To avoid the risk of foodborne illness and risky conditions, keep your foods at their optimum temperature at all times. Temperature control applies to both hot and cold dishes; you can easily utilize products such as Thermoses, slow cookers and coolers for slaws and meats to keep your dishes safe to eat. You should also use plastic wrap or Tupperware containers to easily protect your dishes from insects, and you can dole out large batch dishes into individual cups or bowls beforehand to reduce the spread of germs.

Master the Flame

Oftentimes, a tailgate spot features the delicious smoky smell of a grill that permeates through the grounds. Data suggests that 95% of tailgaters prepare their food at the stadium (as opposed to bringing prepared dishes from home). But while pasta salad, coleslaw and fruit spreads are great sides, the main event of any tailgate is the meat. Chicken wings, pulled pork, burgers and franks - the array of meats being grilled, cooked or smoked is as essential to the tailgate as the game itself.
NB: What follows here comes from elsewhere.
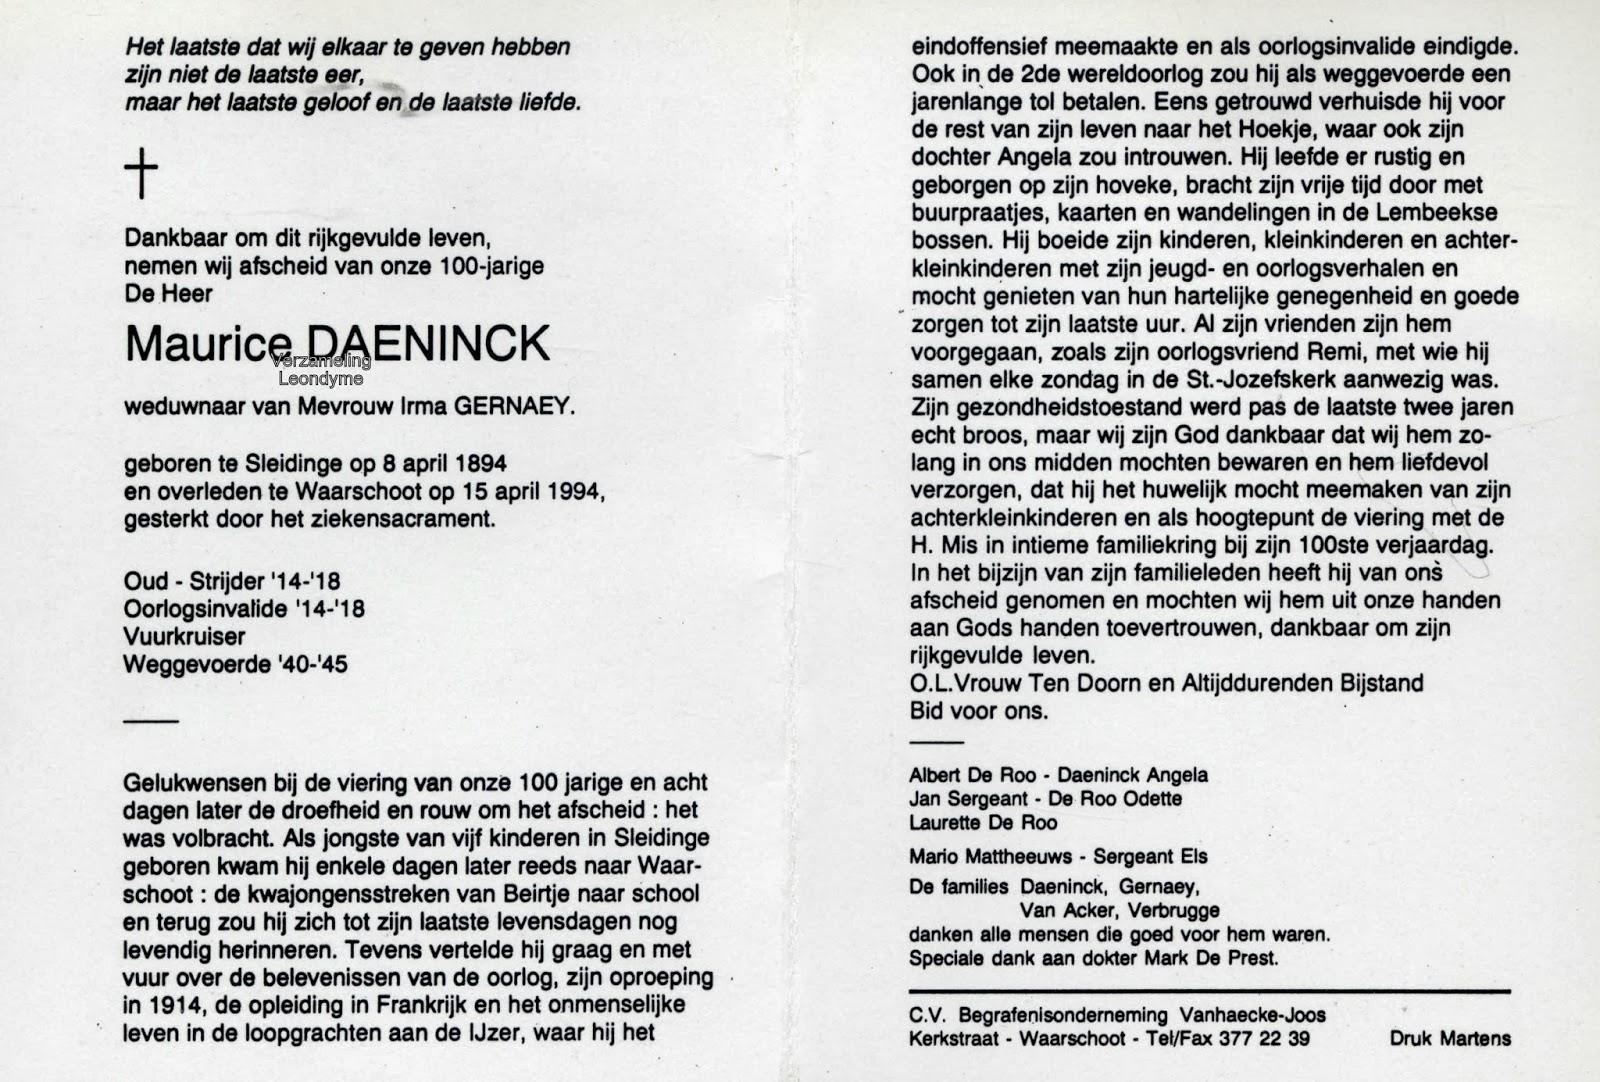 Bidprentje Maurice Daeninck. Verzameling Leondyme.

With 59% of tailgaters using a combination of grills, stoves, and smokers to cook at the stadium, it is essential to keep fire safety tactics in mind and to follow safe cooking temperature rules. FoodSafety.gov states all poultry and hot dogs should be cooked to a minimum internal temperature of 165 degrees F, while ground meats like pork or beef must meet a minimum internal temperature of 160 degrees Fahrenheit. Other cuts like steaks and chops should reach a minimum internal temperature of 145 degrees F to be consumed safely. And if manning the grill, smoker (and, ahem, beer keg) ever gets away from you, always keep a fire extinguisher within reach.

Keep it Green

Hundreds to thousands of people can attend a single tailgate – the Florida-Georgia football game tailgate is known as the “World’s Largest Cocktail Party” with more than 150,000 people in attendance – so the post-tailgate debris often resembles that left by a tornado.

If you’ve ever seen the aftermath of a tailgate space, you know why it’s so important to dispose of waste in the proper way. One simple trick to reducing the amount of waste your own tailgate produces is to use stainless steel water bottles instead of dozens of plastic ones. Also, try to accurately anticipate the amount of food you’ll need so you’re not stuck throwing away lots of leftovers.

Another obvious (yet often overlooked) way to reduce waste is to use recyclable paper or plastic plates, silverware, napkins and cups – and actually recycle them. Yes, it’s easier to throw everything in the same trash bin, but trust us, the planet will thank you for your extra effort.